(Records from a data collection)
※ ※ ※

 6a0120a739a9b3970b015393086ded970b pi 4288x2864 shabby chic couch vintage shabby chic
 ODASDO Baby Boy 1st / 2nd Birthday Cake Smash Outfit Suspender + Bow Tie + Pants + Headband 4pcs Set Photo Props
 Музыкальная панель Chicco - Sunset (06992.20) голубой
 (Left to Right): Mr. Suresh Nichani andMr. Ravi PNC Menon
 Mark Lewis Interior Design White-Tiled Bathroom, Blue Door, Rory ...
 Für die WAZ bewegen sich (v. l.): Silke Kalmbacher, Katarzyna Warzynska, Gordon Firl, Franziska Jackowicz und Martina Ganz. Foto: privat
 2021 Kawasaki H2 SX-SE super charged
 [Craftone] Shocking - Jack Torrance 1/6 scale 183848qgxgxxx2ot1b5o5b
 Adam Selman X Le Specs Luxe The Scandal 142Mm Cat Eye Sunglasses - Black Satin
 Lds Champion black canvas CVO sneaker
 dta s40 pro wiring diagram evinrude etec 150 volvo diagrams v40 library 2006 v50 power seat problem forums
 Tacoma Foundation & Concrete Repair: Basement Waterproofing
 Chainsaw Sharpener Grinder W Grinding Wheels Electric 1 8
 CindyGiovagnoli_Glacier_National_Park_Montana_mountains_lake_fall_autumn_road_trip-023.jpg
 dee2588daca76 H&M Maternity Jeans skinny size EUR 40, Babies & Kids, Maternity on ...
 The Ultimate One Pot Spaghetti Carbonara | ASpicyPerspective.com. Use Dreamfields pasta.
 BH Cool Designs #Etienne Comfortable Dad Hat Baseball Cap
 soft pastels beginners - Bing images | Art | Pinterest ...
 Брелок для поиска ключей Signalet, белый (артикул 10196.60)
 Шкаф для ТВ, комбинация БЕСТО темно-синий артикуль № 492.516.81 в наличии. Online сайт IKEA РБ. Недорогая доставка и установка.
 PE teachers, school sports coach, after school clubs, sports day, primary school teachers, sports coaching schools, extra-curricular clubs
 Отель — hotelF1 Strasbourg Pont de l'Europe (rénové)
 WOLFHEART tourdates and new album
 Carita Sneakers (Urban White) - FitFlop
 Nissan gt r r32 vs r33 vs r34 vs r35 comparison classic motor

※ ※ ※

(WHAT YOU NEED TO DO) Take the line holding "Carita Sneakers (Urban White) - FitFlop" and the lines after it through the end of the entries. Retype them exactly and add nothing.

(SOLUTION FOR THIS PROBLEM)
 Carita Sneakers (Urban White) - FitFlop
 Nissan gt r r32 vs r33 vs r34 vs r35 comparison classic motor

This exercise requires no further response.